Energy Management of Multi‐Scale Vehicle Fleets

Project Summary

Principal Investigators

  • Beshah Ayalew (PI), Clemson University
  • Ardalan Vahidi, Jeff Zhang, Mohammad Naghnaeian, Pierluigi Pisu (Co‐ PIs) Clemson University

Students

  • Kartik Loya, Quentin De Boever, Nathan Goulet, Clemson University

Government

  • Denise Rizzo, Dean McGrew, Annette Skowronksa, Matthew Castanier, U.S. Army GVSC

Industry

  • TBD

Project duration: June 2020 - Q4 2022.

For the US military, the fully burdened cost of fuel (FBCF) can be over 100 times higher than that of civilian mobility applications. While fuel is the primary energy source, there is also a need for generating electrical energy to meet demand at various scales, from a host of small warfighter equipment, to utility scale loads at forward operating bases during initial set up or emergencies. Furthermore, the increasing deployment of unmanned ground and aerial vehicles (UGVs, UAVs) in intelligence, surveillance and reconnaissance (ISR) missions and in war theaters, is accompanied by critical demands for electrical power for these vehicles’ on‐board sensing, actuation, and computation devices.
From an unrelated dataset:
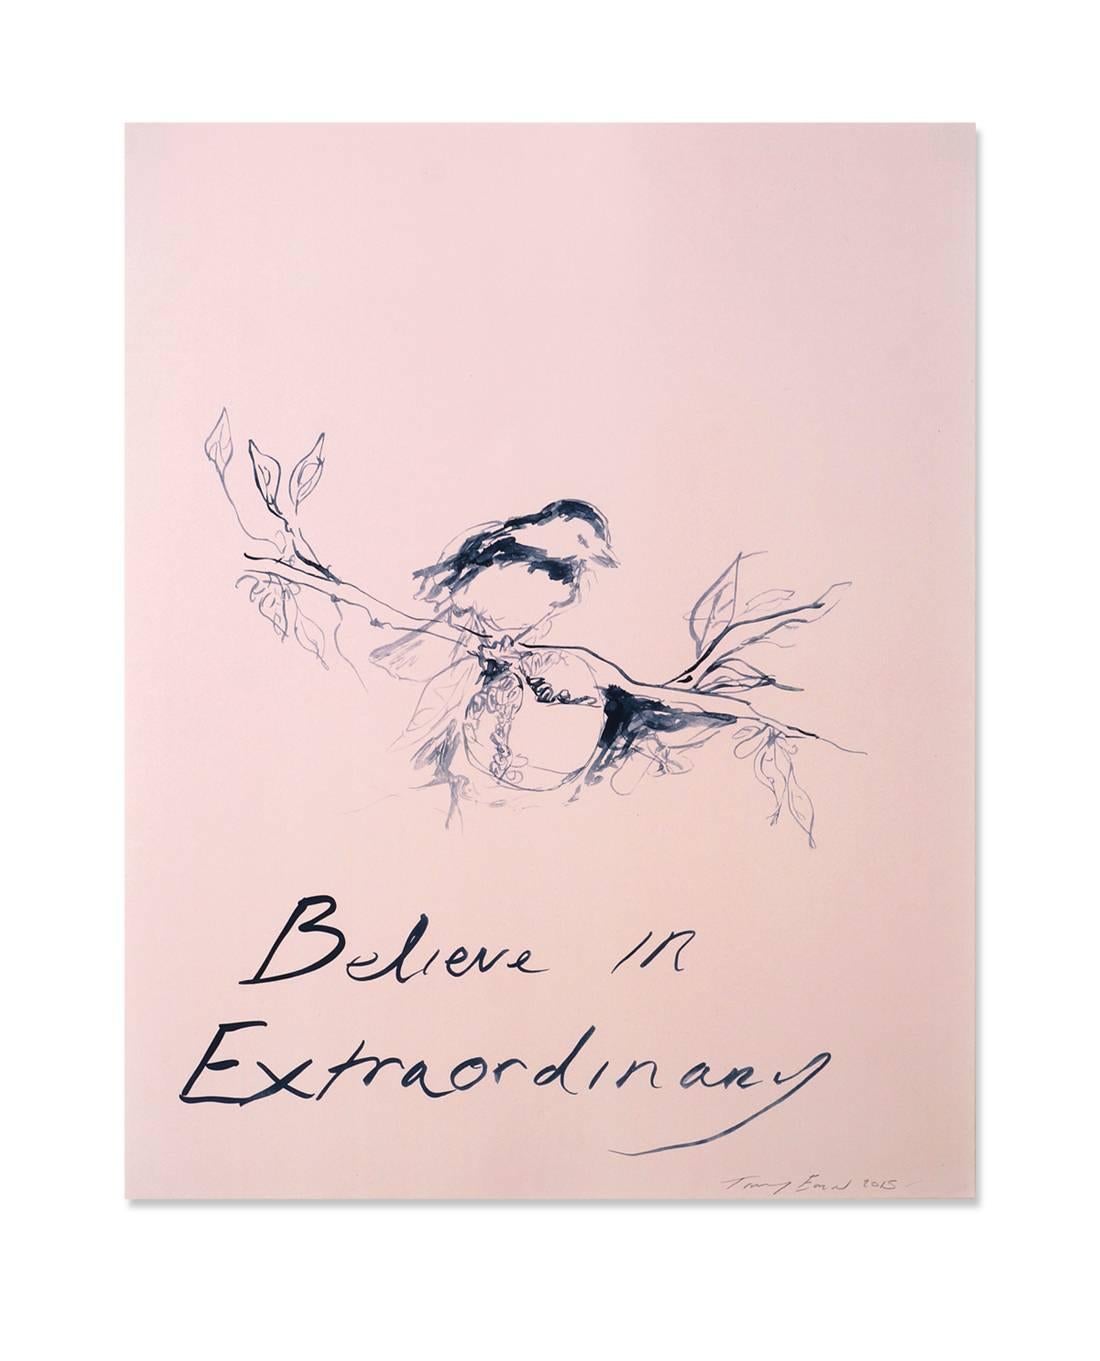 Tracey Emin Interior Print - Believe in Extraordinary

At another scale, force sustainment often involves resupply convoys of tactical vehicles that consume large amounts of fuel. At all these scales, there is a need for systematic energy‐ware vehicle fleet planning and control systems that autonomously work across these scales to save energy and sustain missions. For GVSC, there is a need to create modeling and simulation tools and capabilities that facilitate the design and implementation of energy management schemes for multi‐scale ground vehicles.
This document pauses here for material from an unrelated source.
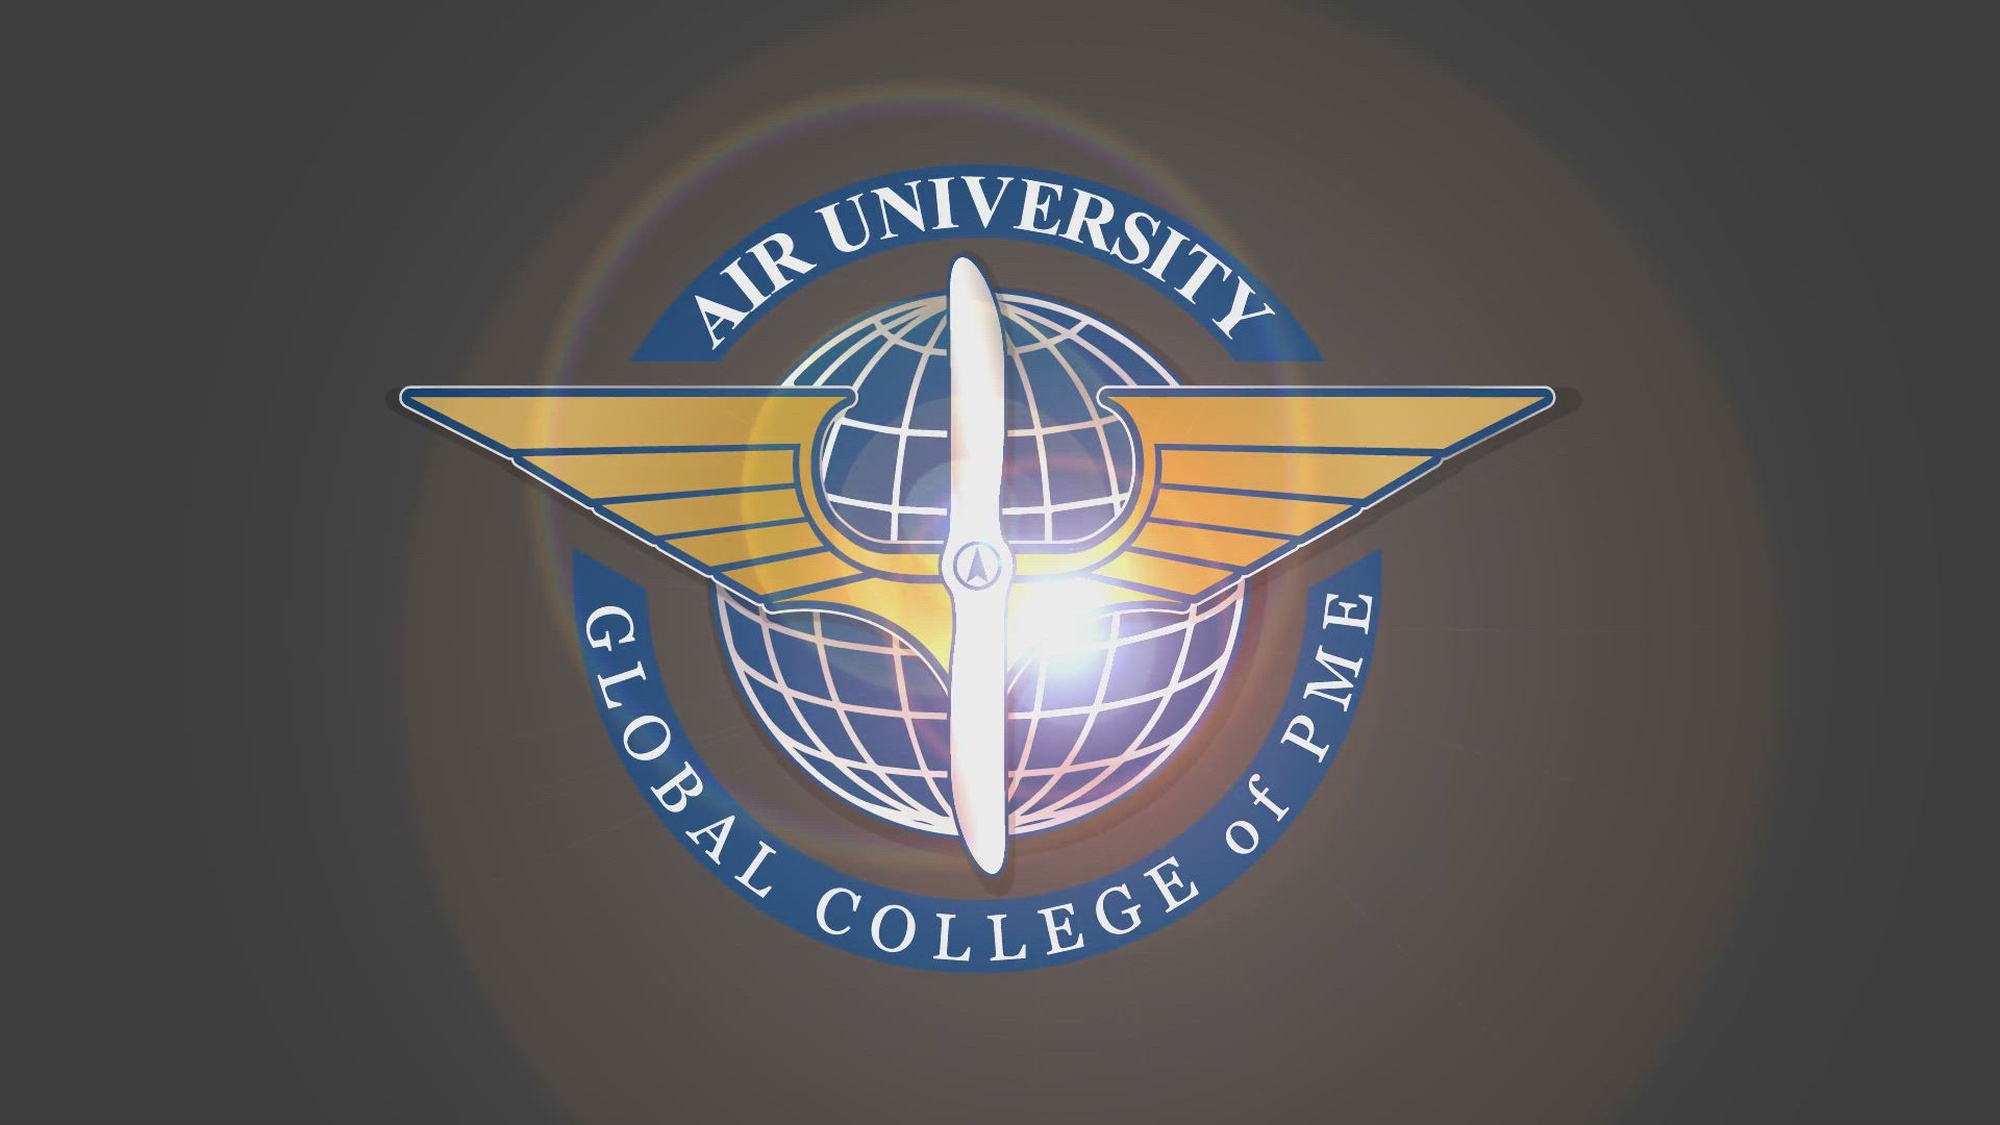 For more information on the eSchool of Graduate PME, visit https://www.airuniversity.af.edu/eSchool.

The objective this project is to research and develop energy coordination strategies for heterogenous fleets of manned and unmanned vehicles of varying scales operating in a resource constrained environment such as in a forward operating base, or in a surveillance and reconnaissance mission, or for sustainment and resupply missions with convoys. The project’s fundamental research question is how to design and deploy robust energy‐aware planning and control schemes for fleets of vehicles operating in such environments in a way that leverages situational and mapping information, including for exploitation of energy generation and re‐distribution/sharing opportunities with microgrids. In particular, we consider microgrids (MGs) that can be made mobile, such as formed with tactical vehicles that host generators, solar panels, and fuel cells and can be strategically placed in optimal positions or given optimally planned trajectories for a given mission. One goal, for an ISR mission for example, is to provide maximal coverage of all target areas with energy constrained UGVs and UAVs, by coordinating the energy‐utilization plan for both the host mobile MGs as well as the UGVs and UAVs. For UGVs, in particular, the achievable range is dynamically dependent on the terrain elevation and trafficability conditions, both of which can be previewed from mapping and environmental perception capabilities and used to make optimal energy utilization plans for the UGVs. This consideration can be readily extended to unmanned or mixed resupply UGVs. There are several basic and inter‐related optimization problems that arise here that will be addressed in a hierarchical manner in this project.